4) Request Hardening​

  • max request body/header limits
  • request timeout boundaries
  • built-in rate limiting and global concurrency guards
  • request coalescing + circuit breaker to reduce backend cascade risk

5) Transport Security​

  • frontend TLS and optional mTLS support
  • backend TLS controls for VictoriaLogs/OTLP exporters
  • controlled forwarding of auth headers/cookies to backend
  • optional peer-cache shared-token protection via -peer-auth-token

mTLS / client certificate flags:

FlagDefaultDescription
-tls-require-client-certfalseRequire client TLS certificate (mTLS)
-tls-client-ca-file—CA certificate for validating client certs

CI Security Lanes​

The repository now treats security validation as its own layered test surface instead of burying it inside generic CI.

Fast PR Blockers​

Defined in .github/workflows/security-pr.yaml.

  • gitleaks for secret detection in the repository
  • gosec for Go-focused SAST on the proxy and related packages
  • Trivy filesystem scanning for vulnerabilities, misconfigurations, and secrets
  • actionlint for GitHub Actions workflow validation
  • hadolint for Dockerfile hygiene and hardening
  • OpenSSF Scorecard for repository and supply-chain posture

This lane is supposed to fail quickly on issues that should never merge.

Runtime PR Security​

Also defined in .github/workflows/security-pr.yaml.

  • custom Go security regressions from scripts/ci/run_security_regressions.sh
  • OWASP ZAP baseline scan from scripts/ci/run_zap_scan.sh baseline

This lane validates the running stack rather than just the source tree. It is intentionally pointed at a short allowlist in security/zap/targets.txt so the baseline scan exercises the real user and admin/debug surface without wandering into unrelated compose internals.

Heavy Scheduled Security​

Defined in .github/workflows/security-heavy.yaml.

  • Trivy image scan against the built runtime image
  • SBOM generation for downstream review and artifact retention
  • longer fuzz runs
  • broader Semgrep coverage
  • OWASP ZAP active scan
  • curated Nuclei templates from security/nuclei/

This lane is intentionally heavier and is meant for scheduled or manual deep validation rather than fast PR feedback.

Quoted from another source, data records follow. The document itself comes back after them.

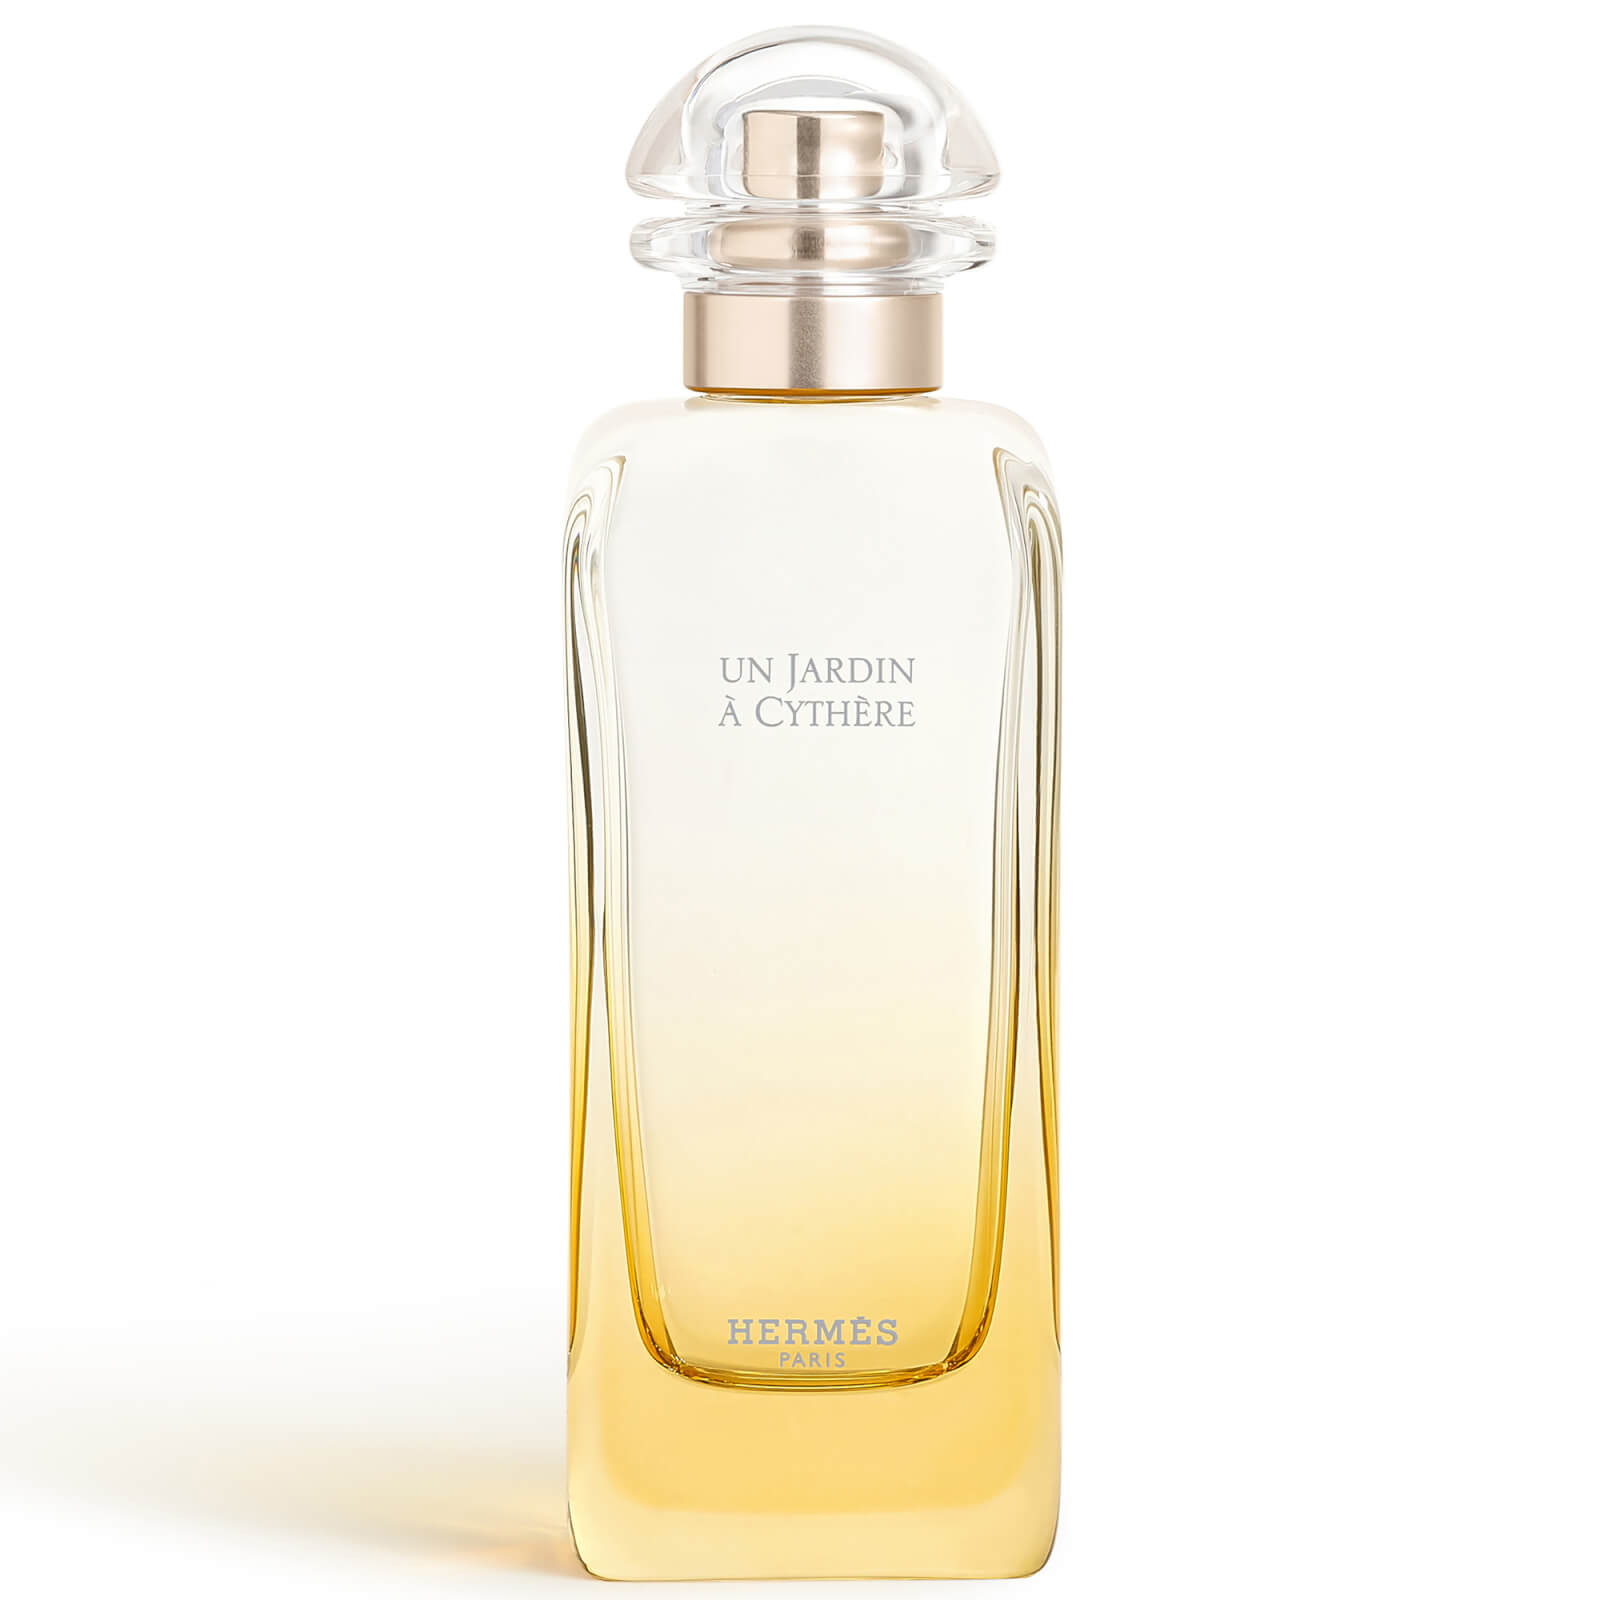 Photos - Women's Fragrance Hermes Hermès Un Jardin à Cythère Eau de Toilette Refillable Natural Spray 100ml 
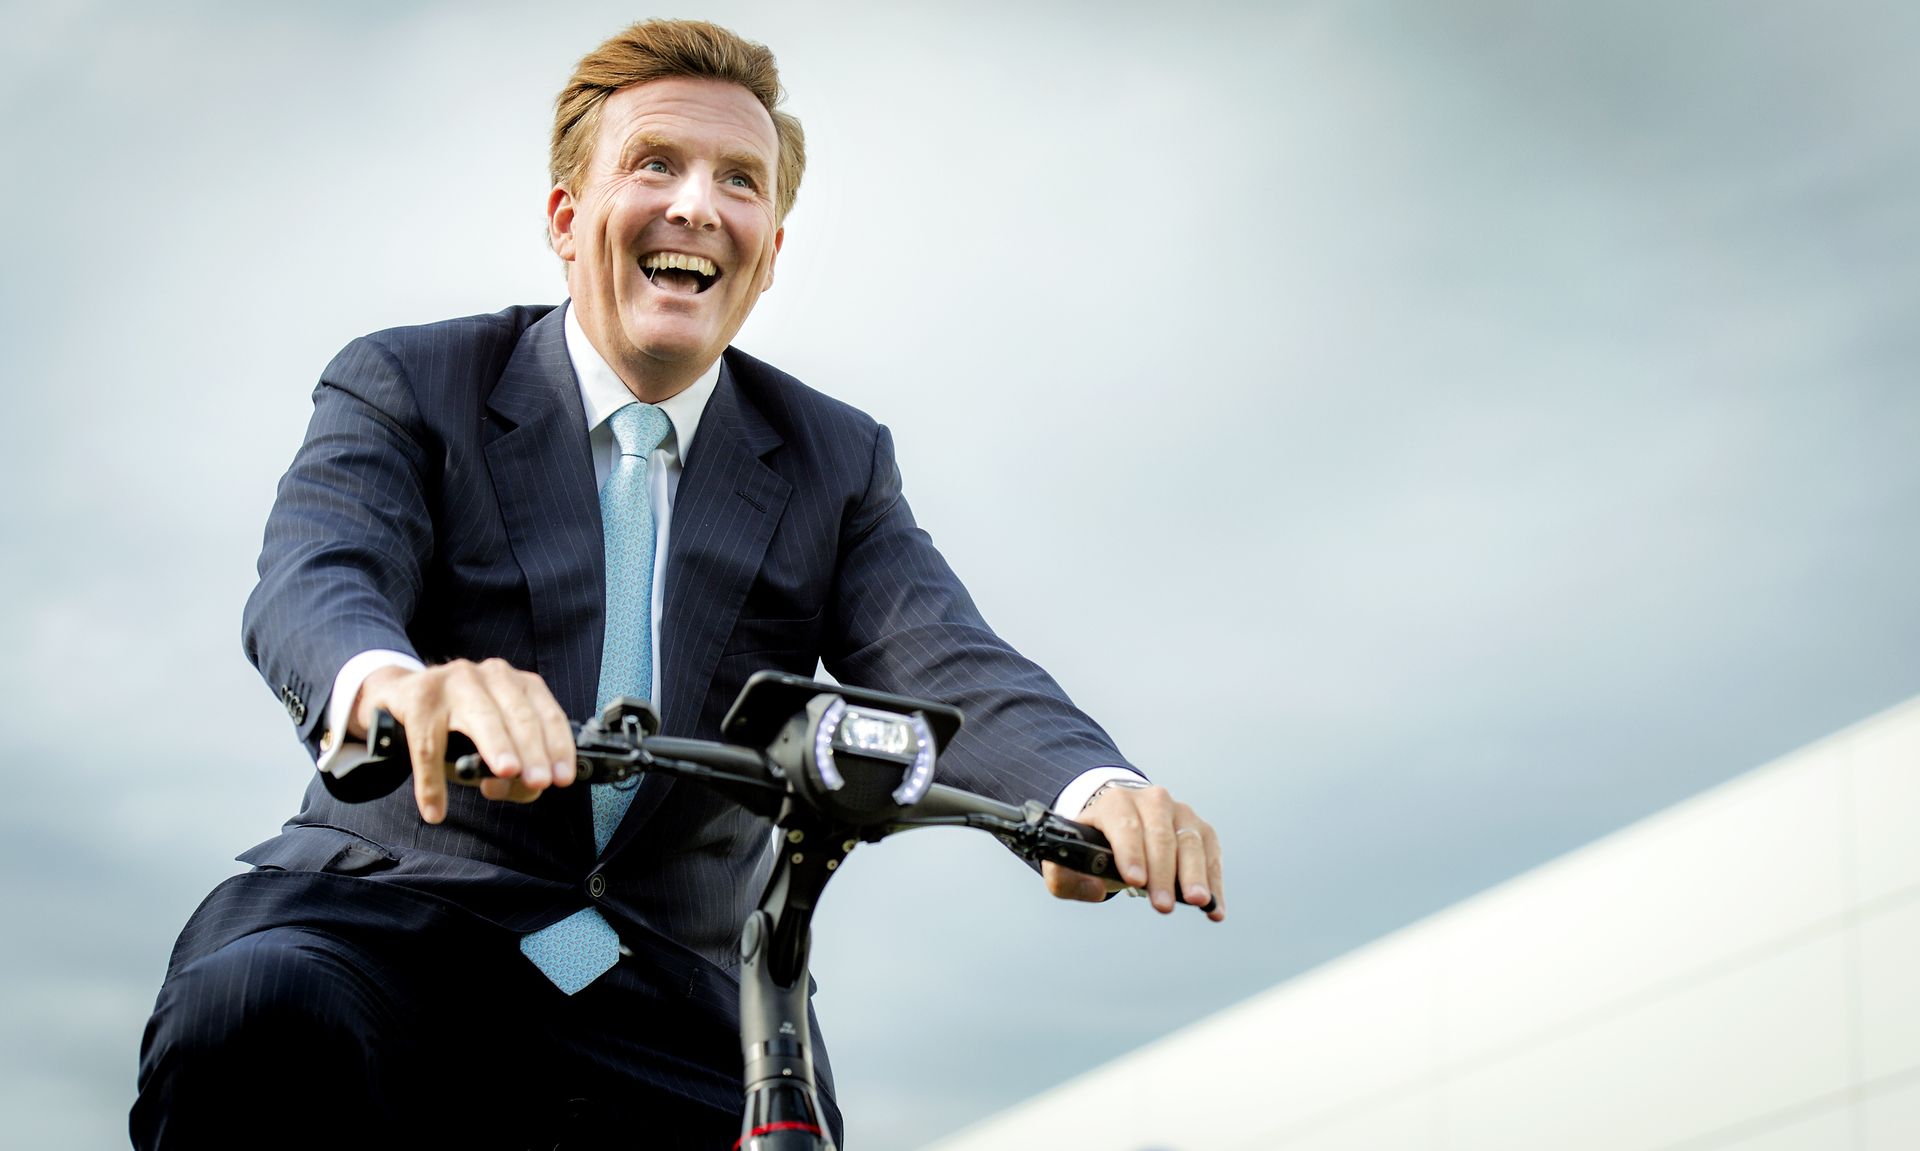 De koning fietst voor deze gelegenheid op een e-bike, de 'fiets van de toekomst'.
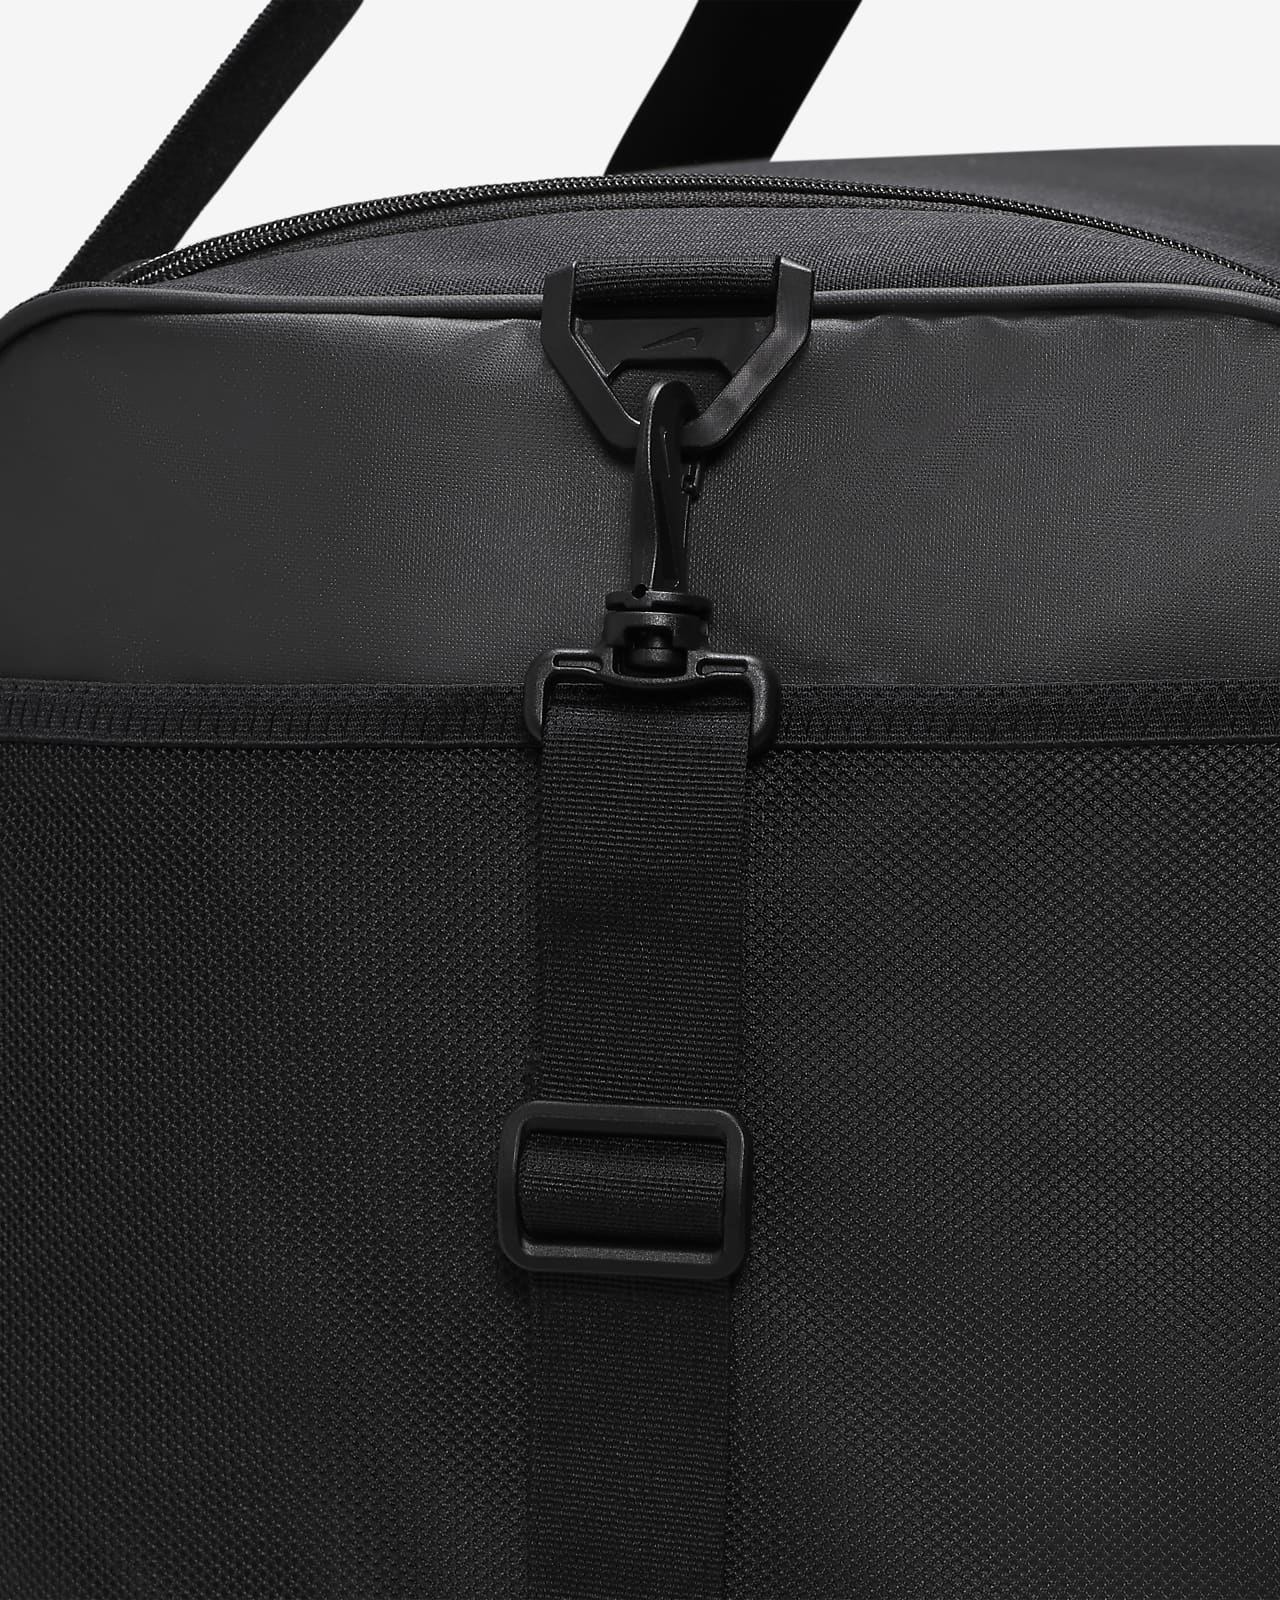 Brasilia 9.5 Duffel Bag in Black/White

Repository-Specific Threat Model​

Generic scanners are useful here, but the highest-risk bugs for this project are still proxy-specific:

  • tenant isolation around X-Scope-OrgID and any tenant-derived cache keys
  • cache isolation across memory, disk, and peer cache layers
  • metadata, label, and field enumeration leaks between tenants
  • auth-boundary confusion across downstream requests, upstream requests, and forwarded headers/cookies
  • /tail browser-origin enforcement and websocket handling
  • oversized bodies, oversized headers, huge query windows, and malformed LogQL payloads
  • debug/admin exposure on non-loopback listeners

The custom regression suite is biased toward these risks rather than only generic scanner output.

Response-Header Baseline​

The proxy now applies the same baseline security response headers across normal routes, 404s, and disabled admin/debug endpoints:

  • X-Content-Type-Options: nosniff
  • X-Frame-Options: DENY
  • Cross-Origin-Resource-Policy: same-origin
  • Cache-Control: no-store, no-cache, must-revalidate, max-age=0
  • Pragma: no-cache
  • Expires: 0

That removes the weaker edge-path behavior where scanners could still reach missing or disabled routes without the same browser and cache protections as the main API surface.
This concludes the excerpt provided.